Why it matters: For IAM, PAM, and identity teams, the lesson is that agent governance must cover runtime behaviour, tool access, and trigger handling, not just provisioning and authentication.

By the numbers:

While 71% of IT teams have been advised on AI agent data access, only 47% of compliance teams, 39% of legal teams, and 34% of executives have the same visibility.
96% of technology professionals identify AI agents as a growing security threat, and 66% believe this risk is immediate.

👉 Read Zenity's analysis of rogue AI agents and inline protection in Copilot Studio

Context

AI agent governance is no longer a theoretical concern. When agents can connect to email, CRM systems, MCP servers, and other business tools, a single crafted input can trigger actions that expose sensitive data without any credential theft or authentication failure.

The control gap is not just about who can build an agent.

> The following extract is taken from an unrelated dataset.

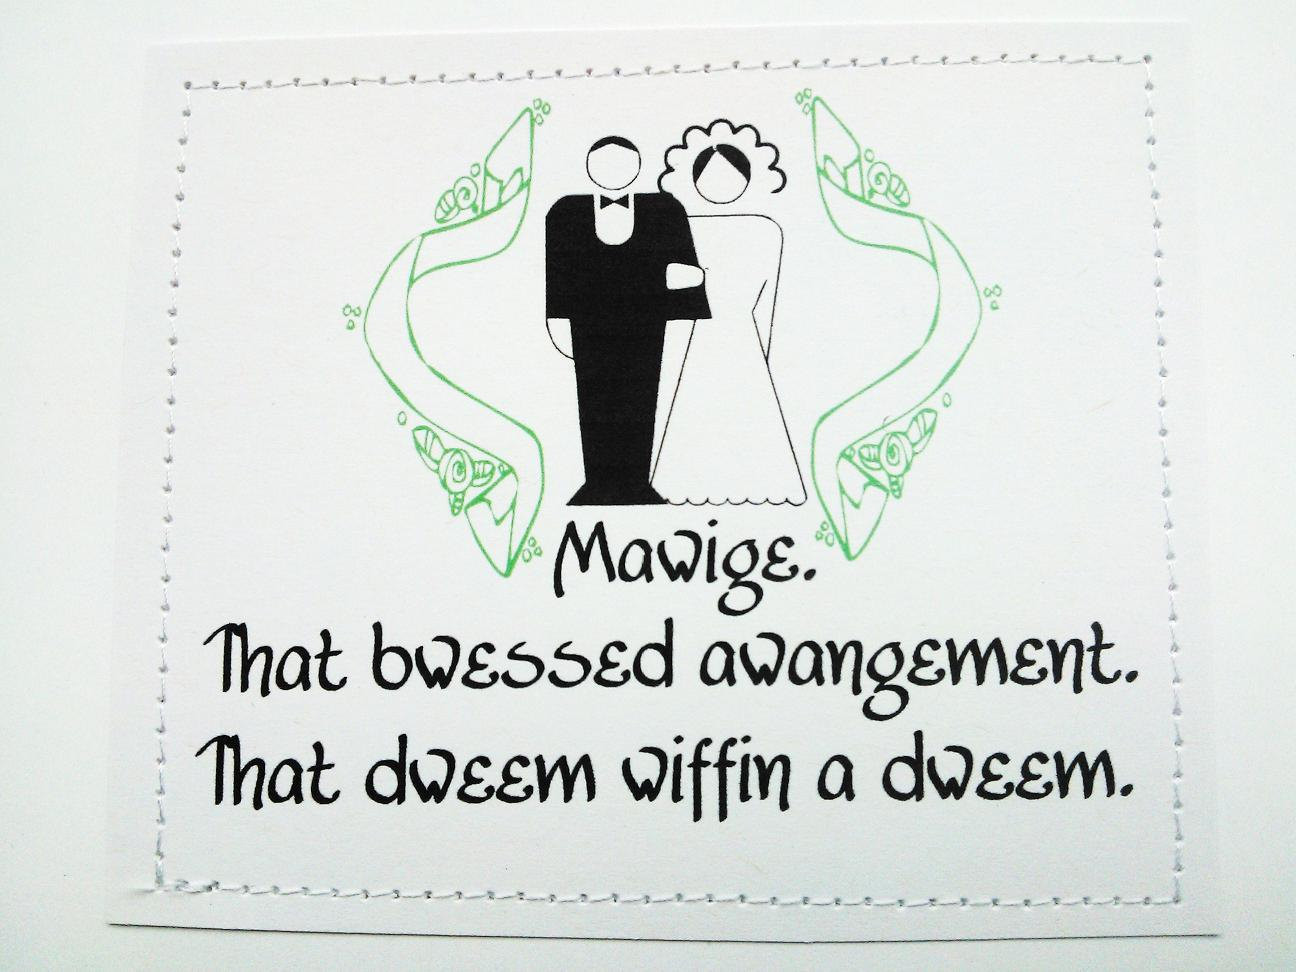 Princess Bride Marriage Quote
 The Princess Bride quote wedding card Mawige by sewdandee

It is about whether organisations can govern how the agent behaves at runtime, what it can invoke, and whether untrusted input can be turned into unauthorised action across identity and access pathways.

Key questions

Q: How should security teams prevent AI agents from acting on malicious input?

A: Security teams should treat every external prompt, email, ticket, or chat message as untrusted input until it is validated against policy. The strongest control is runtime enforcement at the point of tool invocation, where the system can block risky actions before they reach CRM, email, or other sensitive tools.

Q: Why do AI agents complicate identity governance more than standard automation?

A: AI agents complicate identity governance because they do not just execute scripted steps. They can interpret context, select tools, and trigger downstream actions at runtime, which means entitlement review alone does not capture the real risk. Governance must include behaviour, trigger paths, and delegated tool use.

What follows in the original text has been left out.